In Benny Denes´ Heimatstadt Berlin, deren Zentren von internationalen Riesenkonzernen mit Prachtbauten zugepflastert wurden, die irgendwie auch kulturell wertvoll sein sollen, folgen selbst Rentner dem neuen Kulturbegriff. Und wenn sie´s nur mit verbilligten Bildbänden tun...

Kultur wird in Berlin seit jeher institutionalisiert. Der sogenannte Potsdamer Platz, also die neuen Bauten von Daimler, Sony und der Bahn an einer Kreuzung, die gar nicht der Potsdamer Platz ist, hat ein Kulturpräservativ der Marke "Kinostadt" über seine sterile Anonymität gezogen bekommen, und Berlin-Besucher aller Sozialgruppen gehen in mindestens eine der Kulturinszenierungen à la "Glöckner...", "The Story of Berlin" oder "Mary". Wie schön, daß da auch die Berliner selbst den Weg zur Kultur gefunden haben.

Daß ich an einer Einkaufsstraße wohne, hat - wie man sich vorstellen kann - viele Vor- und Nachteile. So trinke ich meinen Latte macchiato beinahe jeden Nachmittag in einer Bar, von der man einen wunderbaren Ausblick auf die Läden dieser Straße hat. Unmittelbar neben der Bar befindet sich ein Buchladen einer größeren Kette. Vor einigen Tagen gab mir mein Beobachterplatz die Gelegenheit, ein interkulturelles Treffen in und vor dem Buchladen zu verfolgen. Zwei bebrillte Rentner standen davor und wühlten im Kasten mit den großen, verbilligten Bildbänden, bei denen man sich stets fragt, wer die Dinger eigentlich zum Originalpreis kauft. Plakative Titel wie "Katzen" oder "Bauernschränke" im Breitwandformat erscheinen angesichts der klischeehaften Fotos darin auch dann nicht sinnvoll, wenn auf dem Cover als dritte Instanz ein grellroter Aufkleber prangt, auf dem "Jetzt nur noch 12 DM" steht.

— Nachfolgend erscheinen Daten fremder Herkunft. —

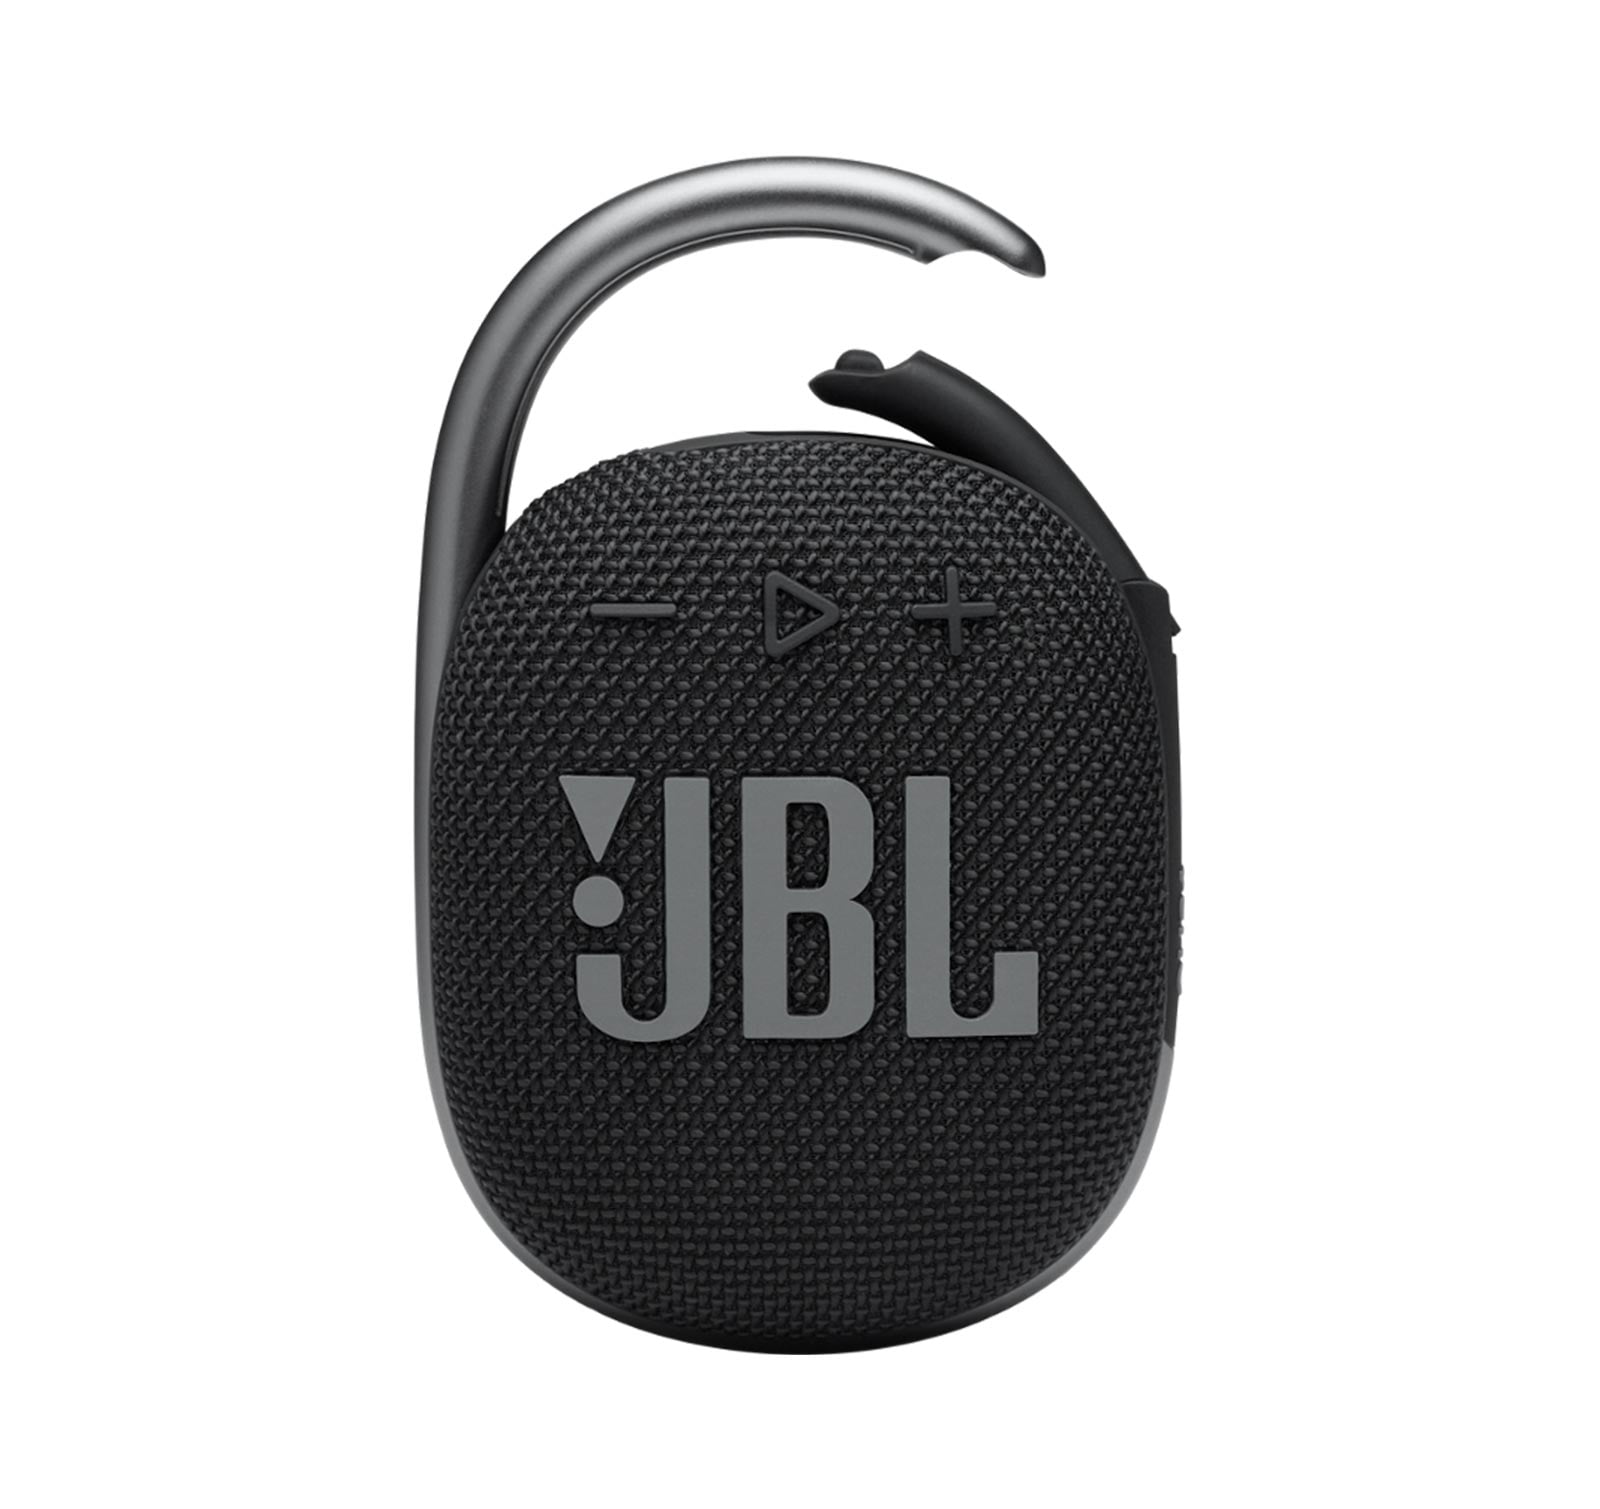 Braven Portable Bluetooth Speaker, Black, BRV-105

In Berlin fallen aber auch solche Bildbände definitiv unter Kultur. So fühlten sich denn auch die beiden im immergleichen Ocker und Grau gekleideten Rentner als Teil einer Bewegung, die Kultur greifbar macht. Der Mann tendierte zu einem etwa DIN-A3-großen Machwerk mit dem Titel "Omnibusse", während die Frau sich eher für "Königinnen" interessierte. Ihre Kommentare wie "Ja, das ist ja auch schön!" oder "Toll, jetzt mal wieder ein Buch zu kaufen!" verstummten plötzlich, als der Mann in den Laden schaute: "Kiekma, die Türkenbengels koofen sich een Buch. Dabei könnse ja nich ma Deutsch." Seine Begleiterin war sofort mit dem Virus der Entrüstung infiziert: "Als ob die was von Kultur verstehen."

Alsbald hatte ich meinen Stuhl so gedreht, daß ich einen guten Blick auf das Geschehen im Laden hatte, dabei war dies gar nicht notwendig. Die Gruppe der Jugendlichen verließ nämlich nur wenige Augenblicke später den Laden. Der Rentner nutzte die Gelegenheit: "Wat habta Euch jekooft?" fragte er den Jungen, der eine Tüte des Ladens in der linken Hand hielt. "Bücher!" lautete dessen fraglos zutreffende Antwort, über die sich die Frau nicht aufregen konnte, weil die Ergänzung sofort folgte: "Krasse Texte!" - und das war wirklich die Wortwahl des Jungen - "von Thomas Mann und Heinrich Böll". Voller Falschheit und Heuchelei antwortete der Alte: "Na, prima finden wa diss. Daß Ihr die juten Autoren ooch noch lest!" Als die Gruppe weitergezogen war, entschieden sich die beiden Alten für einen besonders großen Bildband mit dem Titel "Trümmerfrauen". Ganz in schwarz-weiß, einzig der rote Aufkleber "Nur 14 DM" störte das gesetzte Titelbild. Ich trank meinen Latte aus und bestellt ganz kultiviert noch einen "Bohnenkaffe mit Mülschschaum". Ich glaube, Berlin wird
d i e Metropole der Kultur werden.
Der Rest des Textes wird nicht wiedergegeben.